【緊急掲載!!】本日発売の伊藤広規ニュー・アルバム、そしてチャリティ・コンサート
『Water Color』、『ON EARTH/NEBULA』とここのところギタリストの松下誠とのコラボ作品のリリースが続いている伊藤広規。
そして本日、その3作目『FUTURE DAYS』がリリースされた。これにて3部作完結!
さて、自分の音楽活動、山下達郎をはじめとするさまざまな音楽家との活動に並行して広規さんが力を入れているのが東日本大震災のチャリティ活動だ。
『FUTURE DAYS』発売のちょうど前日、つまり10月29日の昨日、シリーズで開催しているチャリティ・コンサートを取材してきた。
冒頭に広規さんからのごあいさつ。
そして、福島県南相馬市から駆けつけてくれた『いちばん星南相馬プロジェクト』というチャリティ団体の星巖理事長からさまざまな被災とその後の状況の説明があった。
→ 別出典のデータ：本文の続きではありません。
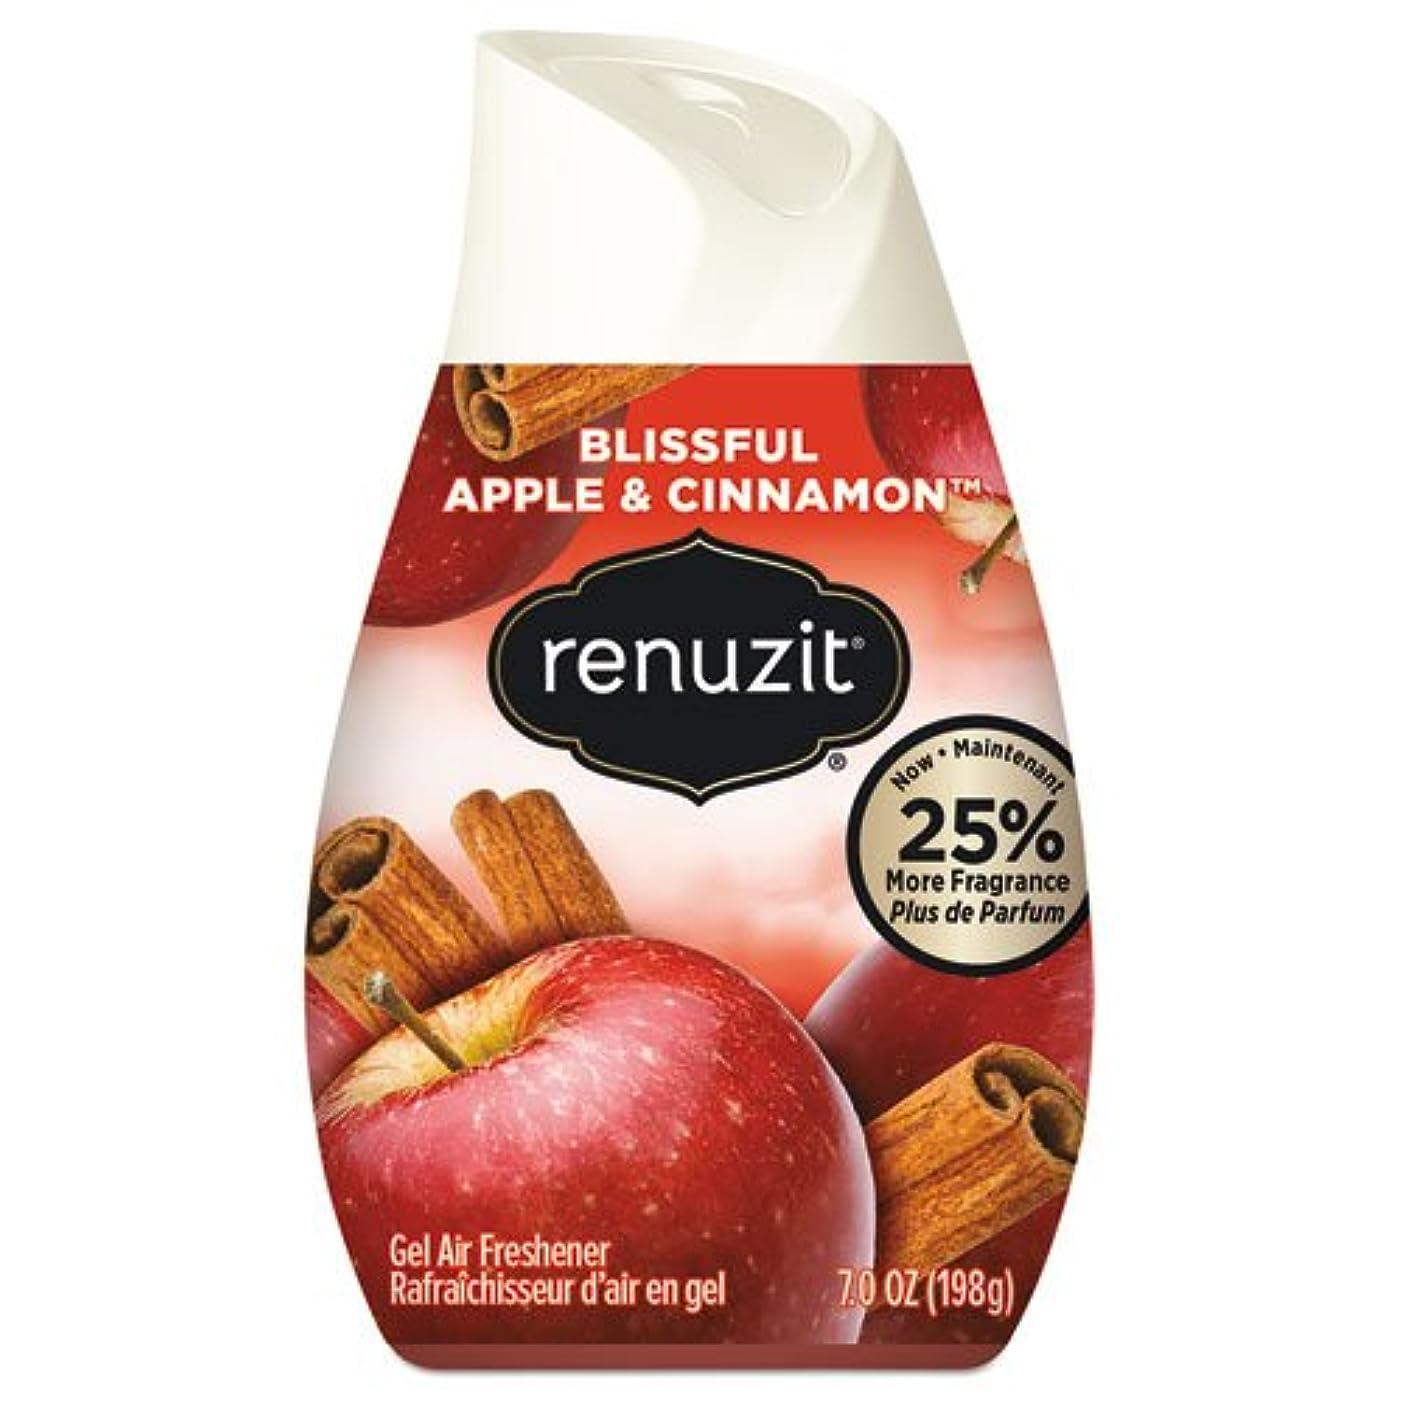 フィードオントラップ国籍リナジット[Renuzit] エアーフレッシュナーアップル&シナモン198g 芳香剤

テレビでは食品偽装や原発汚染水のニュースなどで毎日ゴッタ返していて、2年半前に被災されたたくさんの方が今でもさまざまな形でご苦労されていることを我々は忘れがちだ。
現地の方の生の声を聞くと、その現状に驚かされる一方だ。こうして普段と何ら変わりのない生活が遅れることに感謝せずにはいられない。
そうした被災者の方々の援助をし続けているのが広規さんのチャリティ・コンサートなのだ。
震災直後はずいぶんとあちこちで盛り上がったチャリティ活動だが、今ではあまりそんな声も聞えなくなった。広規さんはずっ~と続けている。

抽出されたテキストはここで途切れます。